OpenAI, the leading artificial intelligence (AI) firm, recently unveiled its generative large language model (LLM) GPT-4o in May during its Spring Update.
GPT-4o is a type of Omni model with capabilities such as speech-to-speech assistance and voice guidance. This natively multimodal model can also understand speech directly without converting it into text.
OpenAI is now set to make a limited 'alpha' roll-out of its Advanced Voice feature.
Read more: OpenAI unveils GPT-4o mini — Here’s what we know so far
What is GPT-4o Advanced Voice feature?
GPT-4o Advanced Voice is an updated version of the recently unveiled French model, Moshi. It can create custom character voices, generate sound effects while telling a story, and even act as a live translator.

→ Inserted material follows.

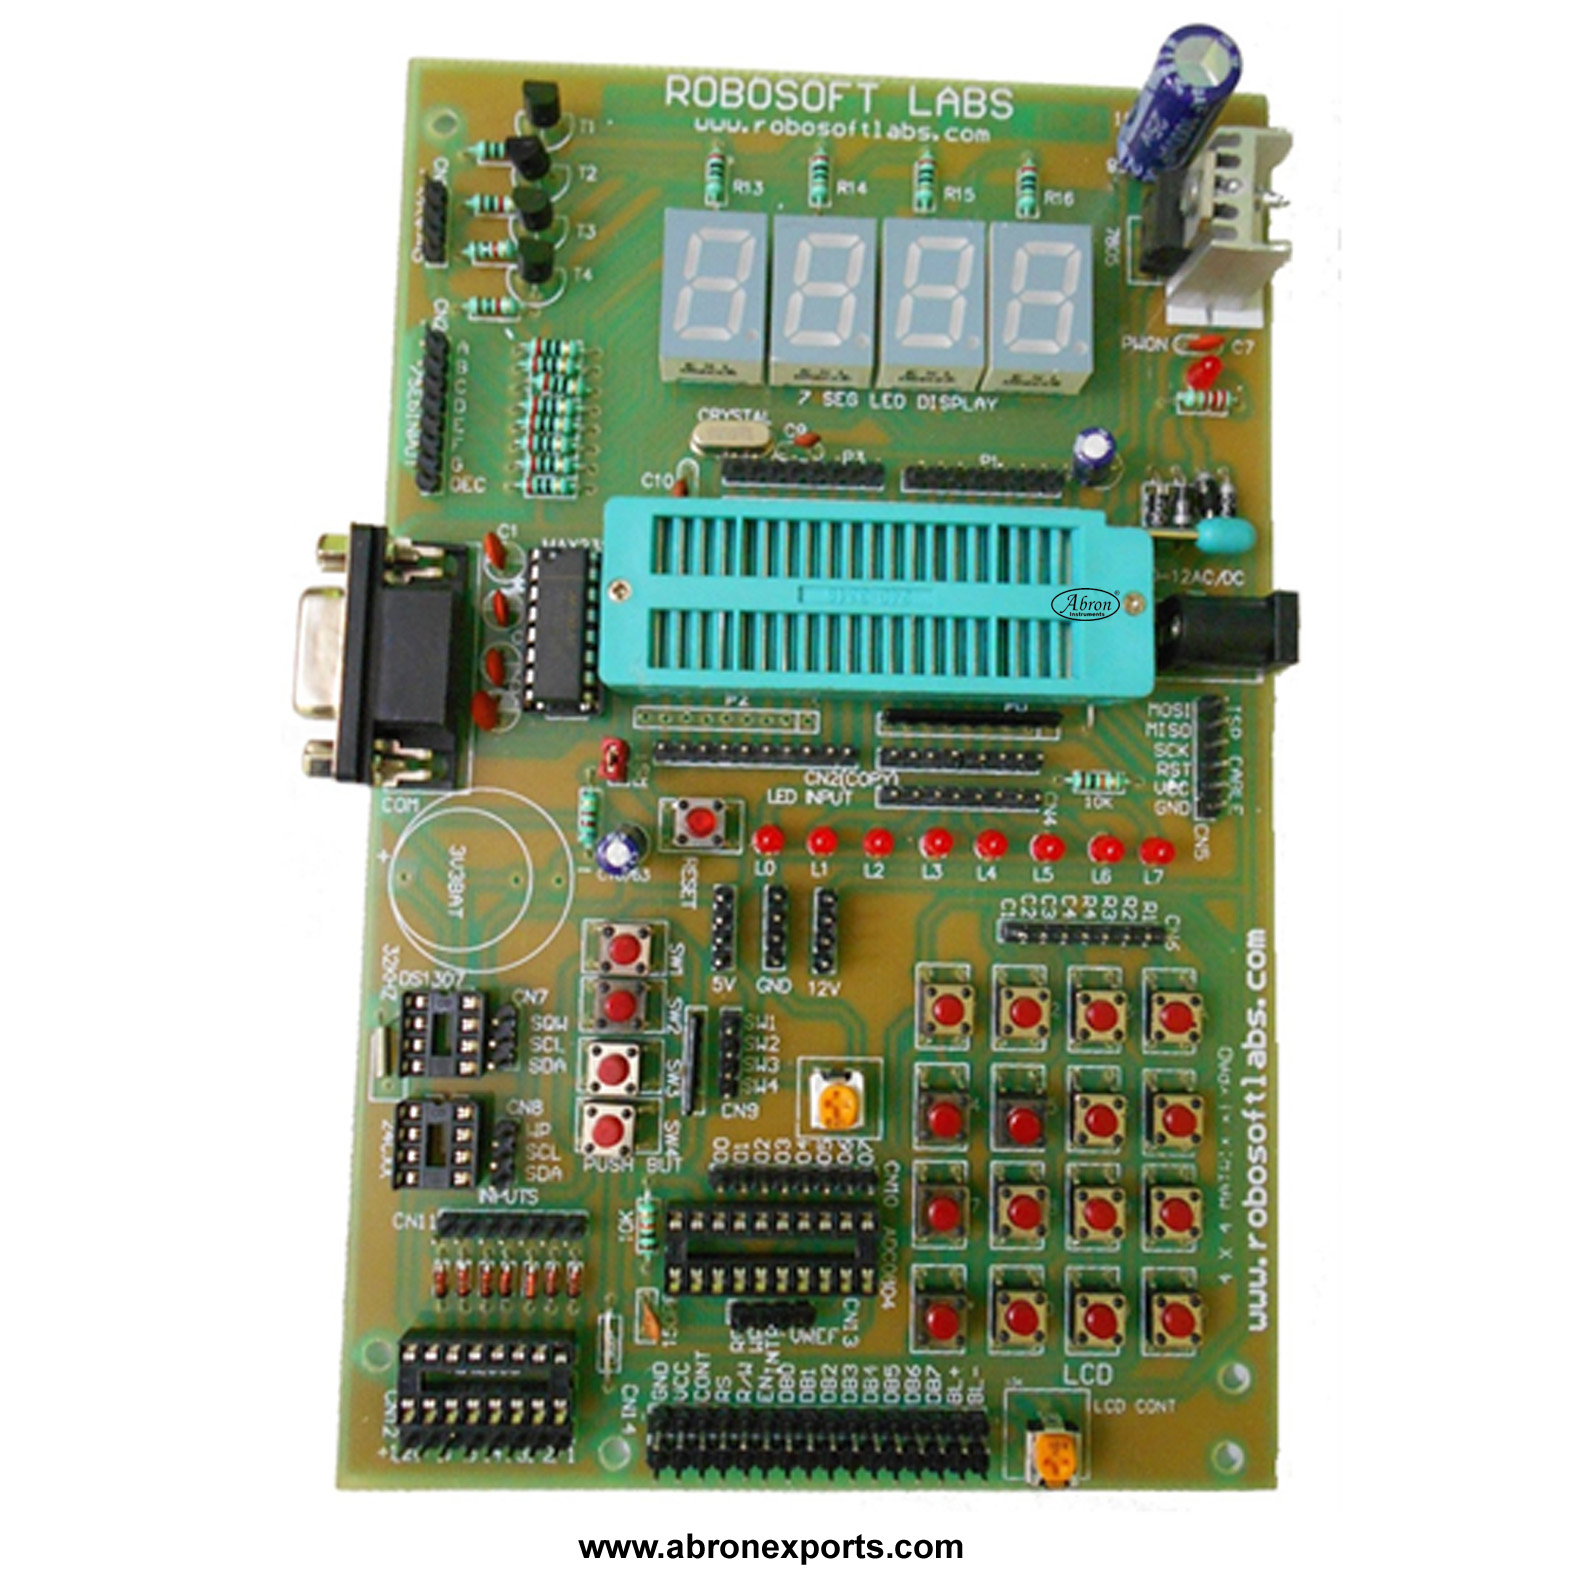 Microcontroller rob soft labs abron AE-1306rc

This feature makes GPT-4o both faster and more accurate as a voice assistant, allowing it to pick up on tone and vocal nuances during a conversation. It also acts as a patient language teacher, with the ability to correct pronunciation and help improve accents.
Release date
The feature will be accessible to initial users in the upcoming weeks, according to OpenAI CEO Sam Altman. He further stated that although users have been waiting for access for a long time, safety testing is necessary. Therefore, it will be released to trusted users first, with availability for other users expected later in the autumn.